The British Council of Churches was created in 1942. Archbishop William Temple described it as ‘the counterpart in our country of the World Council’ of Churches’. It began with sixteen member denominations and its Basis was the same as that agreed in 1938 for the proposed World Council of Churches:
‘A fellowship of churches which accept our Lord Jesus Christ as God and Saviour.’
However, this was tempered ‘with the understanding that any body which has hitherto been represented on the Commission (of the Churches for International Friendship and Social Responsibility) shall continue in membership of the Council, if so willing, even though it does not itself accept the basis’.
This enabled the Society of Friends and the Unitarian and Free Christian Churches to be associated with the new body. The Roman Catholic Church was unable to be a member for its own reasons but after the Second Vatican Council’s Decree on Ecumenism, it was invited as an observer and continued its involvement until 1990 when the BCC gave way to the new ‘Churches Together’ ecumenical instruments.

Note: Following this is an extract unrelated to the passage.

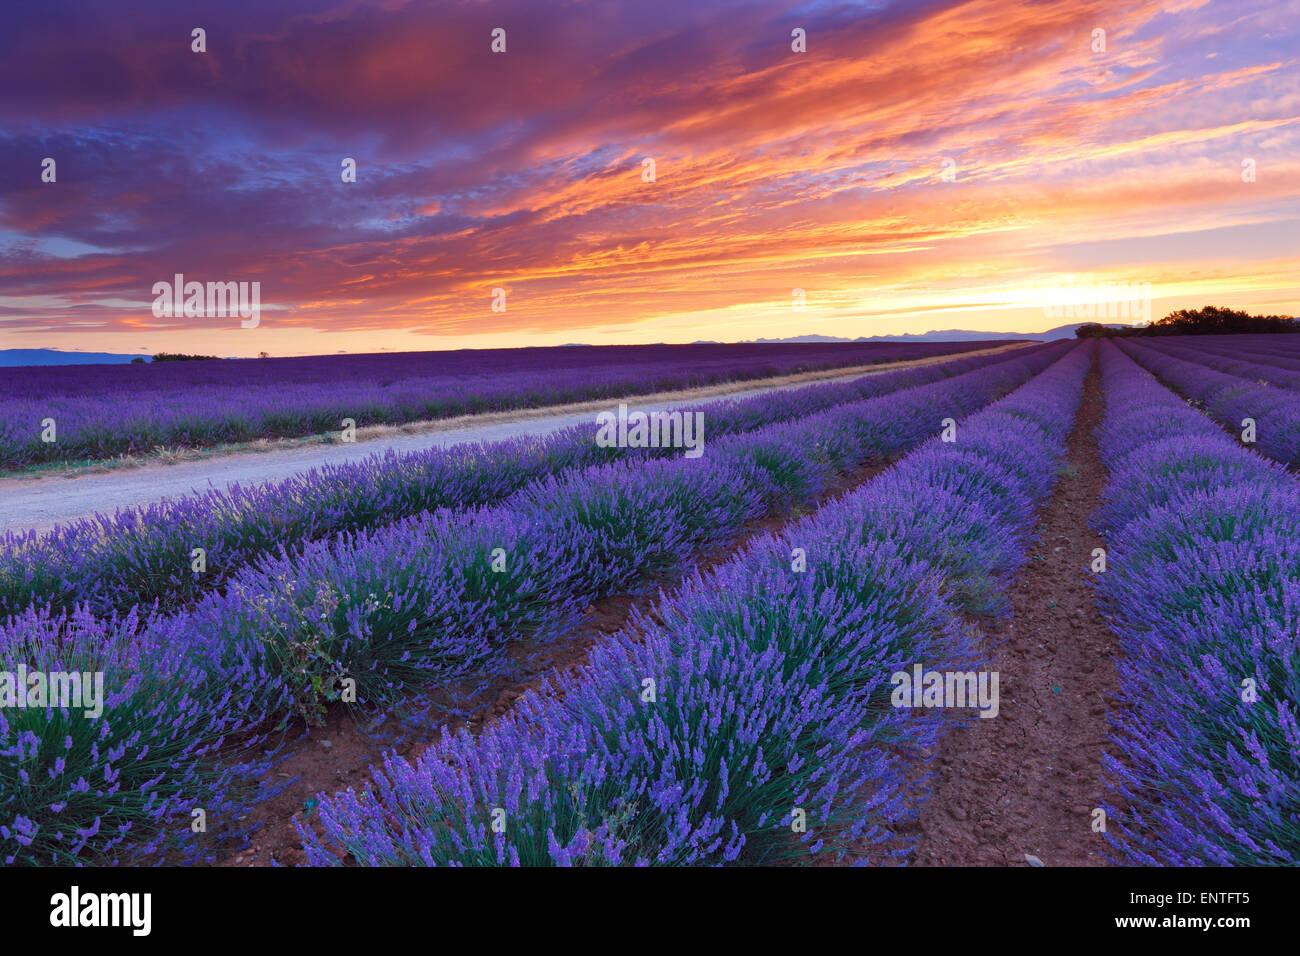 Lever de soleil sur champ de lavande à Valensole, Provence, France Photo Stock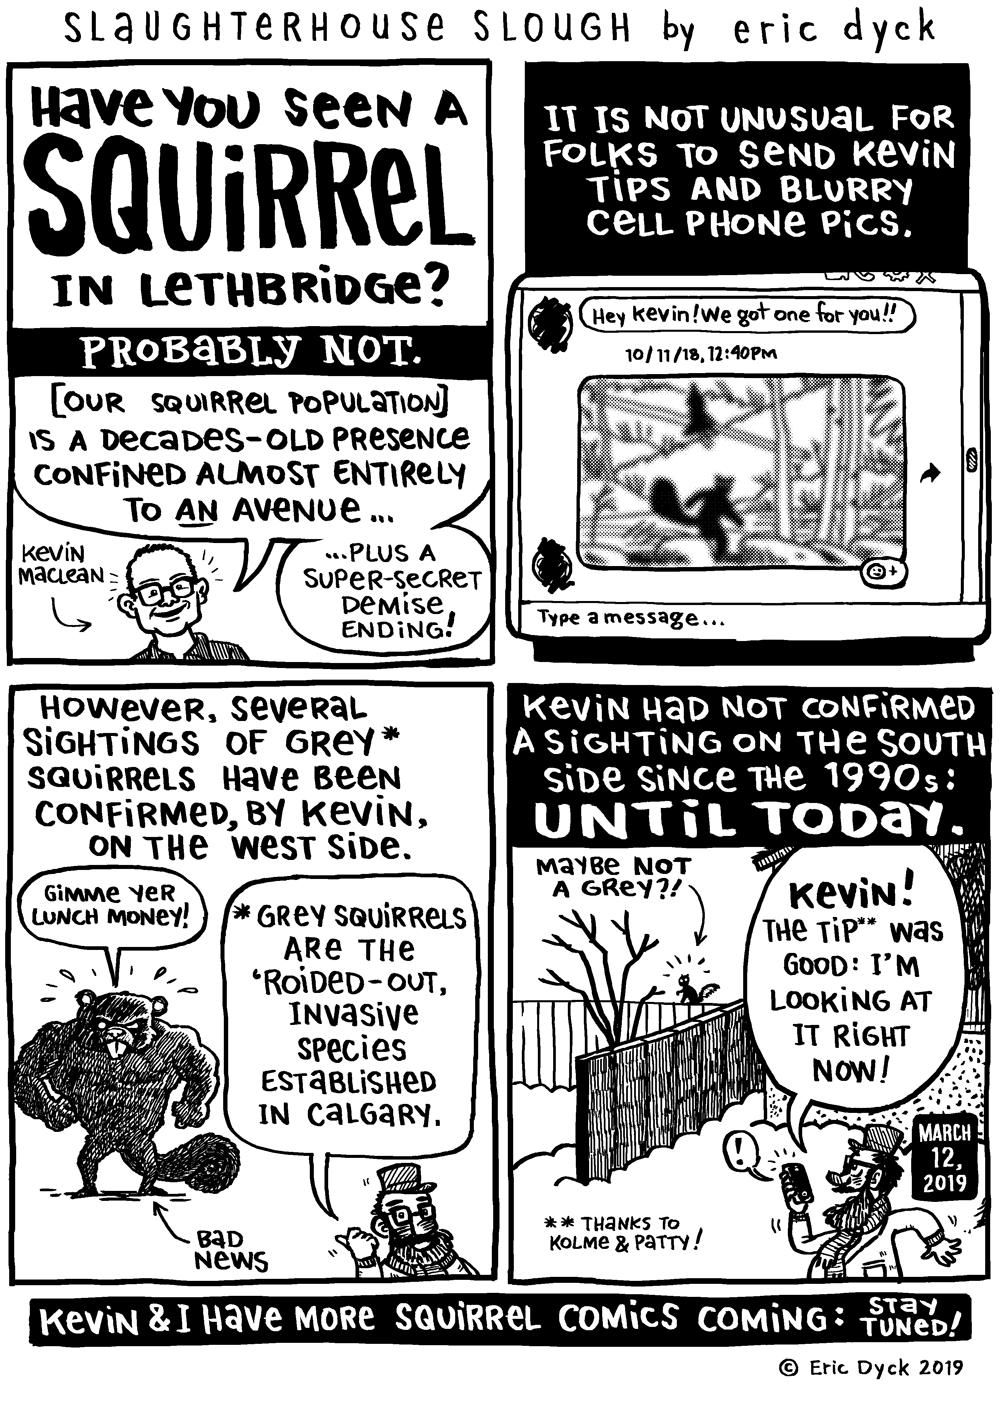 SLAUGHTERHOUSE SLOUGH: HAVE YOU SEEN A SQUIRREL? — ericdyck com

(Taken from From Councils of Churches to Churches Together, 2004, by Colin Davey and Martin Reardon)
Resources
The BCC story (available to download below), is set out in the panels designed by Alan Dawkins and is accompanied by notes written by Colin Davey which accompany it. Together they portray visually and verbally, in a brief, entertaining, but accurate way, the main events in the life of the British Council of Churches between 1940 and 1990, including some account of its origins and some indication of the ecumenical events in the life of the churches and of its sister-councils in Ireland, Scotland and Wales.
The Not Strangers But Pilgrims Inter-Church Process facilitated the shift from BCC to the new Churches Together ecumenical instruments.